PROBLEM TO WORK ON: From the entries, copy each line that includes "wall".

MATERIAL FOR THE TASK:
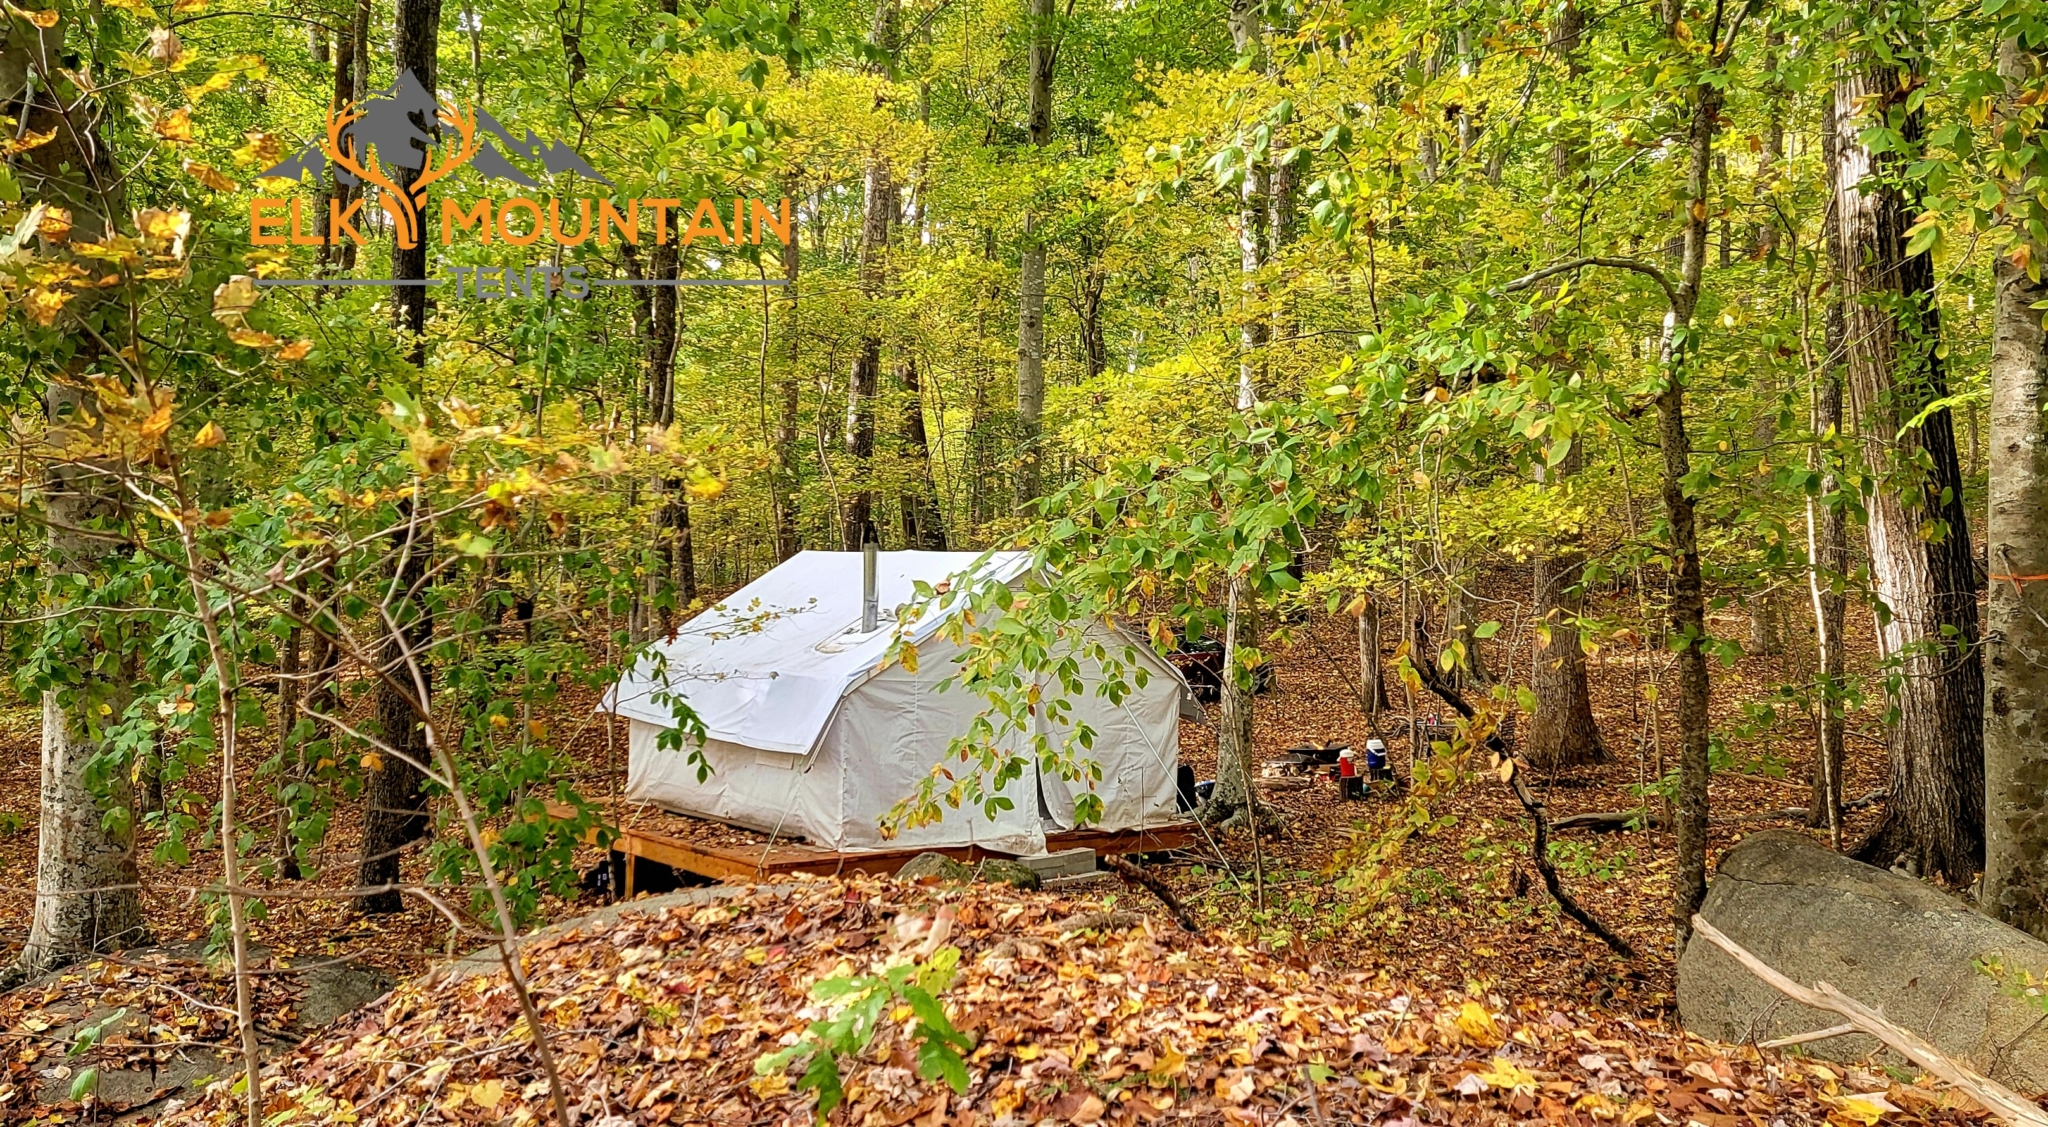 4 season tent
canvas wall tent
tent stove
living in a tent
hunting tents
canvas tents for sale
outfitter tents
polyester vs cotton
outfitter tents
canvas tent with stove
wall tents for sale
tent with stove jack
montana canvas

---

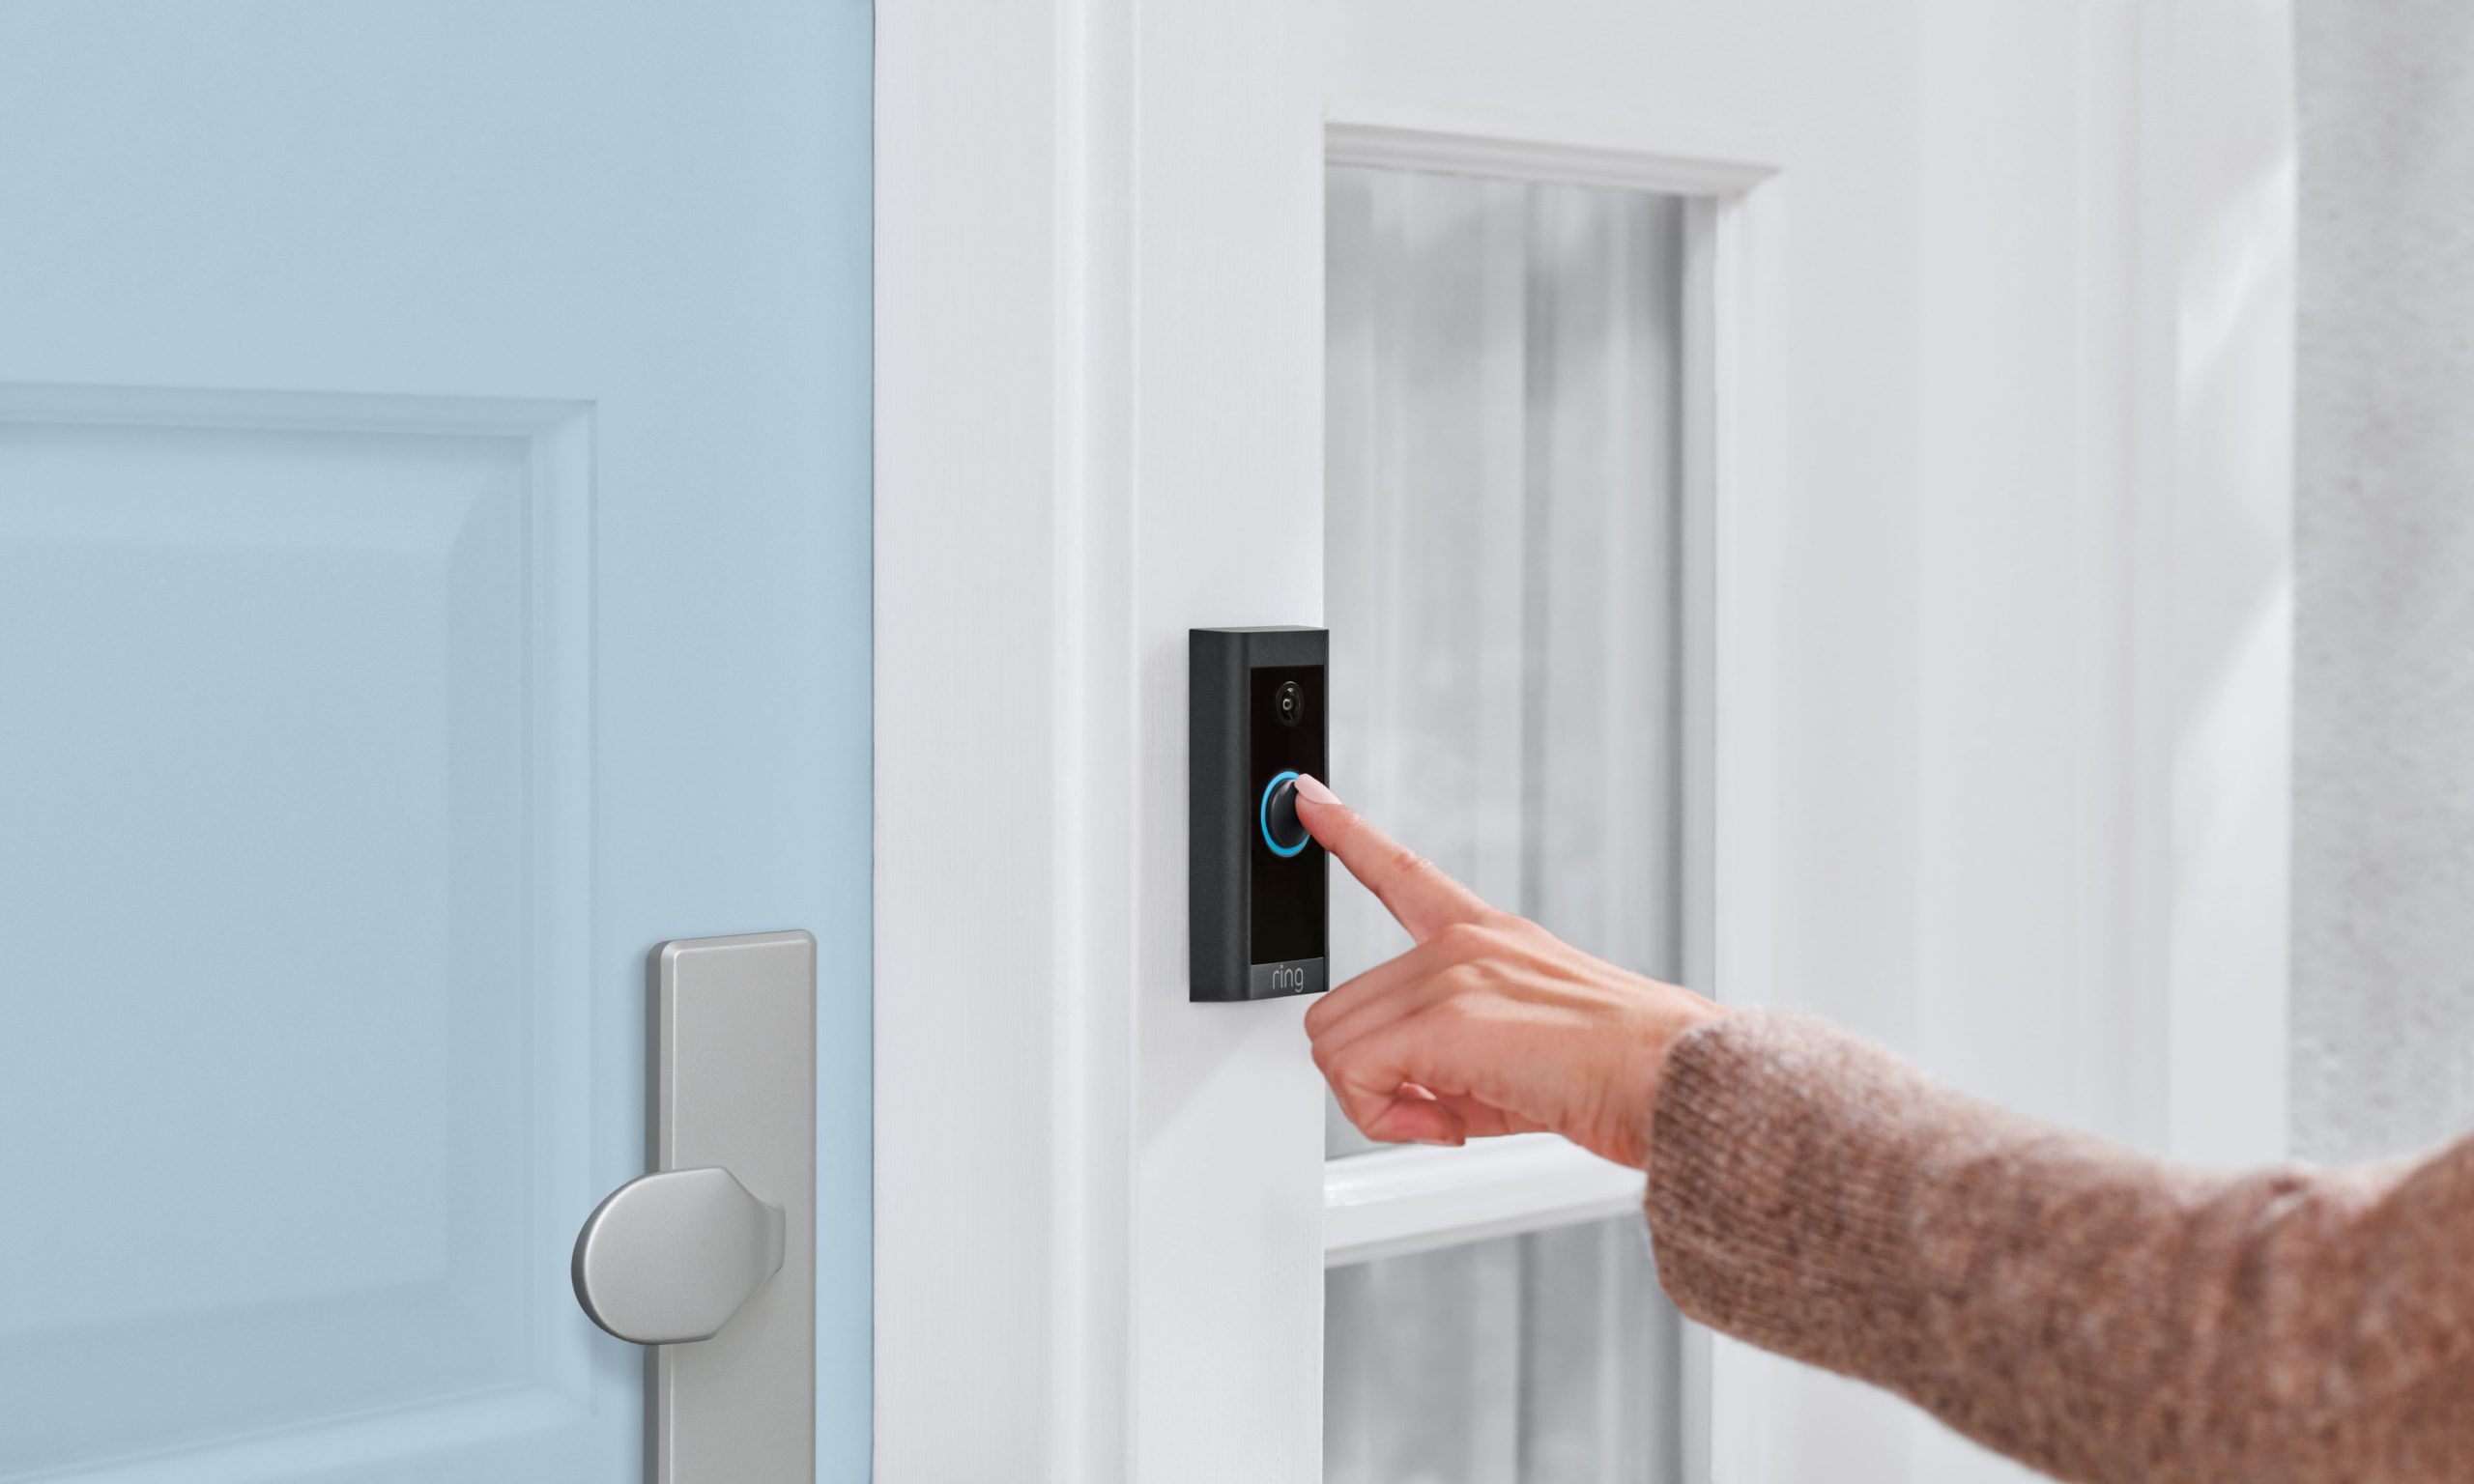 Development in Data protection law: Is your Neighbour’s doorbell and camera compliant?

RESULT OF THIS EXERCISE:
canvas wall tent
wall tents for sale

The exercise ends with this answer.